The Guy Behind The Qwikster Twitter Account

This kills me:

Last night, Jason went to bed a normal man, with a normal Twitter account (albeit one with a weed-smoking Elmo as the avatar), and a few dozen followers.

This morning, Jason woke up to an inbox full of messages, thousands of new followers, and wants to sell his account for many thousands of dollars.

As we chronicled last night, Netflix made a rather fundamental mistake in launching their new spin-off brand, Qwikster: they didn’t make sure they had the name locked down on all of the big social networks before making the announcement. As Jason’s luck had it, he had long owned the @Qwikster handle. He’s willing to part with it — he just wants to make sure he’ll “be making bank” first.

After over a month of silence, Jason’s @Qwikster account sprang back to life just a few hours ago and, likely to Netflix’s horror, has been more active today than it ever was before. Jason keeps touching on the idea of selling the account between poetic bursts like “I’m about to go play soccer n I got stug by a fucken bee” and “I just got scared I went into the shower turned on the water n then stuff started falling I was lik omg wtf lol”:


  1. Talk about good fortune falling in your lap.
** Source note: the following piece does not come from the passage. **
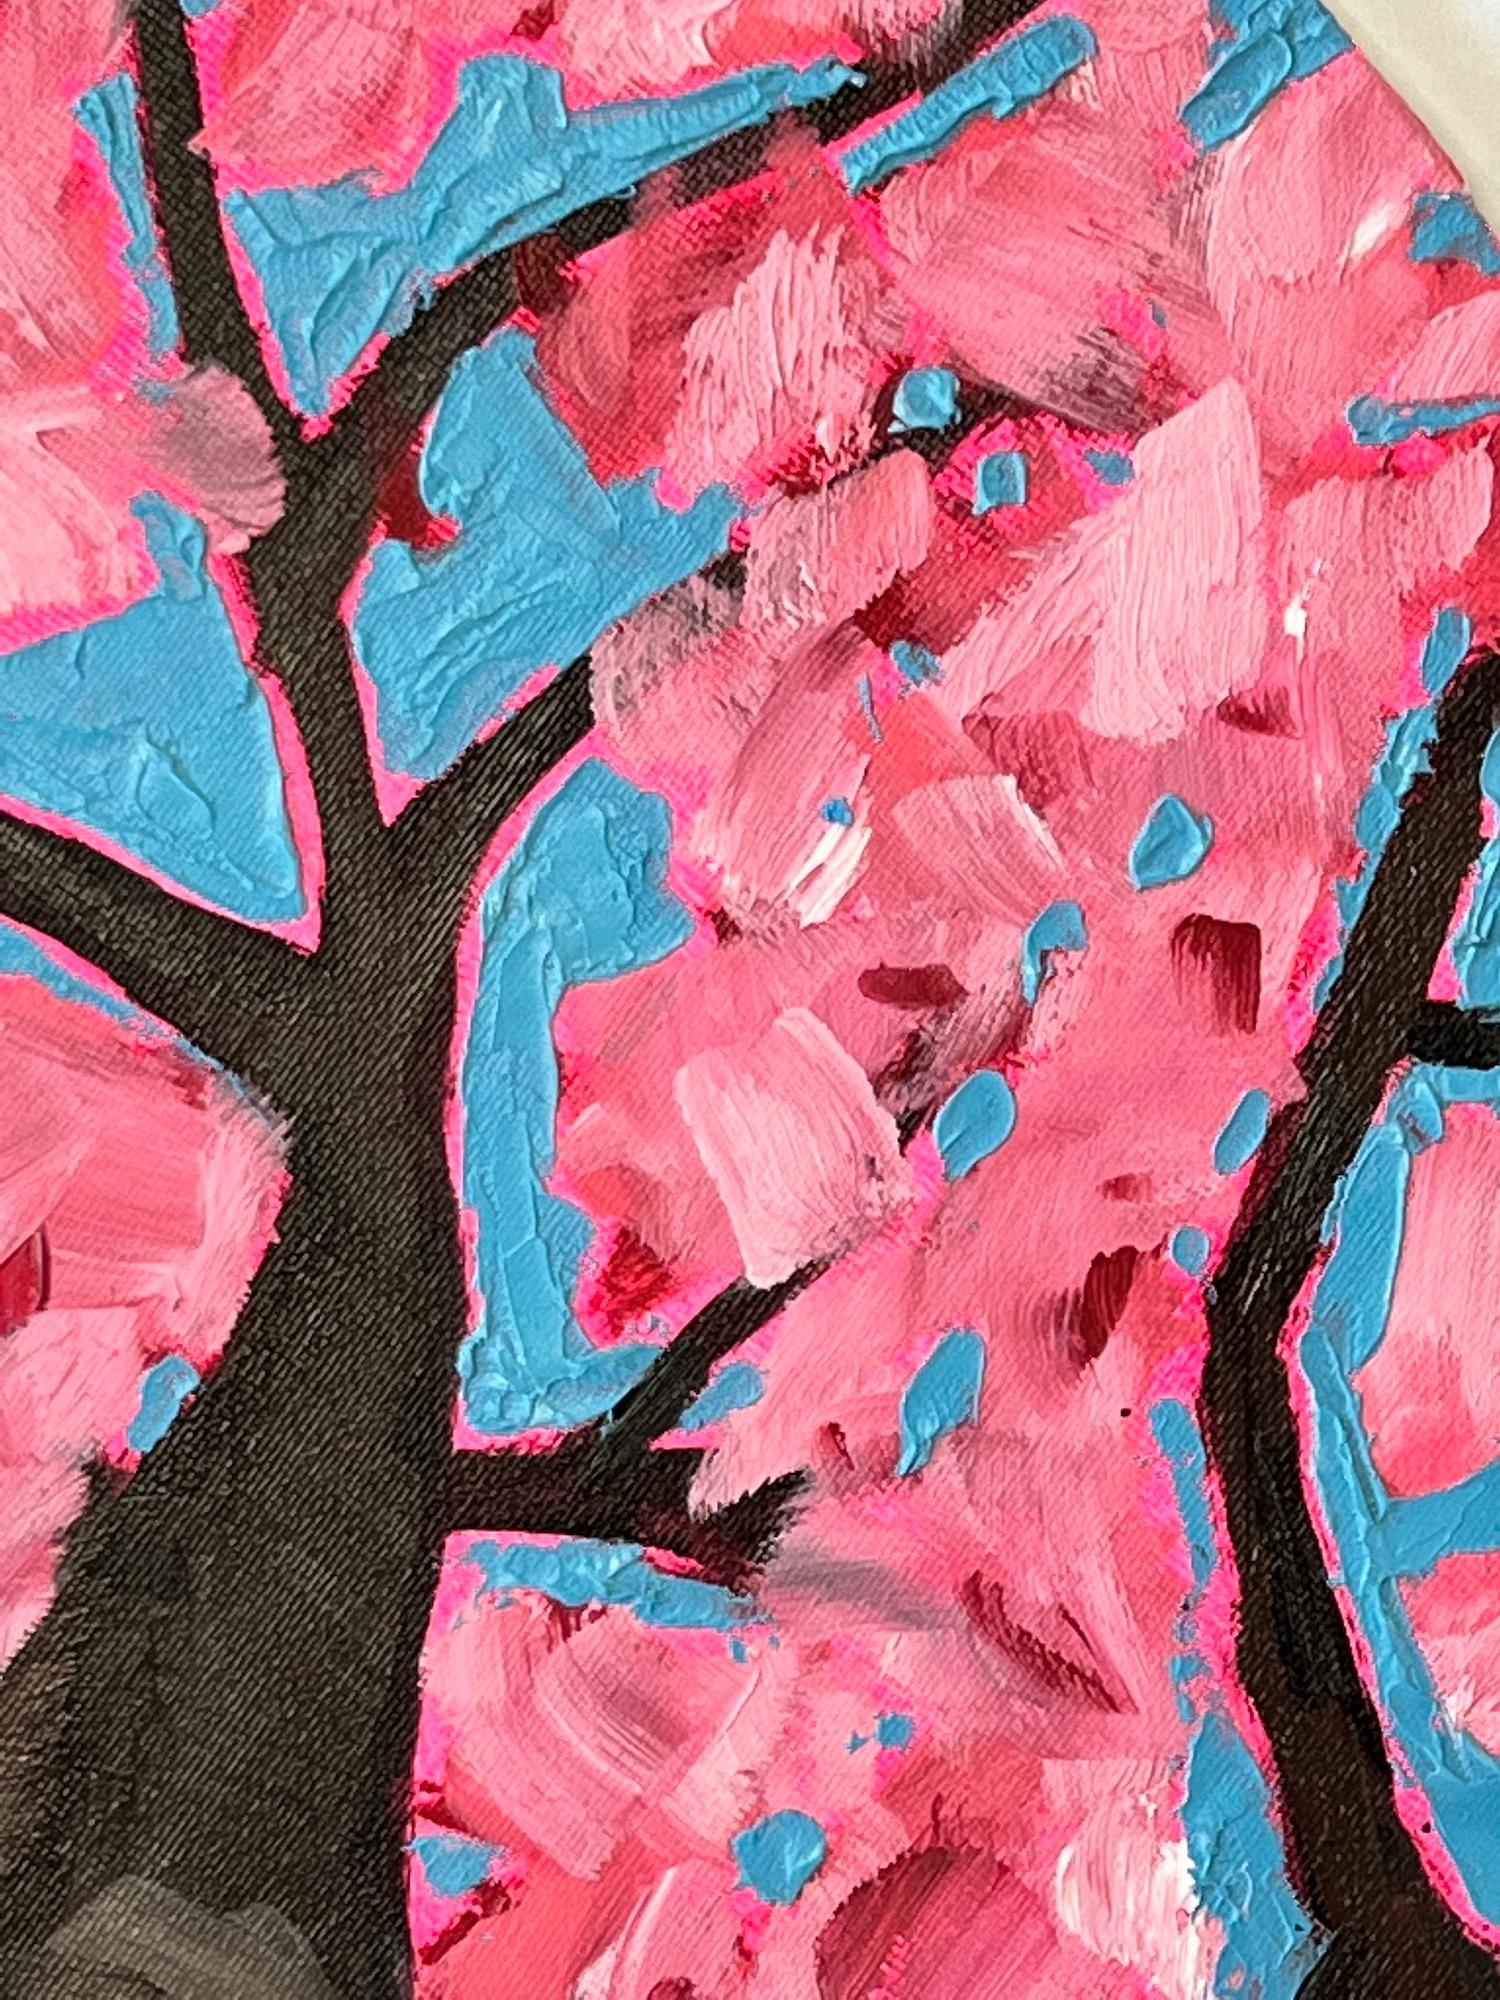 Emily Finch, Looking Up through Cherry Blossom to Reflect, Mental Health Art For Sale 3

And it shows how the ineptitude of Netflix has no bounds. An Internet-based company doesn’t check this stuff out ahead of time?

  2. I’m beggining to sense that they may as well change the name again to avoid more trouble. The guy should have sold it for the first dude who offered a thousand bucks.

  3. Dammit, I need to start signing up for random names on these sites. Also, I need to burn some toast so it looks like a holy figure. I have a college debt to pay off, you know?

    1. Hmm, he would appeal to the pothead gamer class now that Quackster’s going to rent out console games. That’d be some subversive advertising that just might work.

      But I doubt Netflix is smart enough to work that now. Damn shame.

  4. we now all know the name of their new service, and are far more aware than we would have been.

    flood blogs and tumblr: this is the perfect way to aim for netflick’s primary demographic.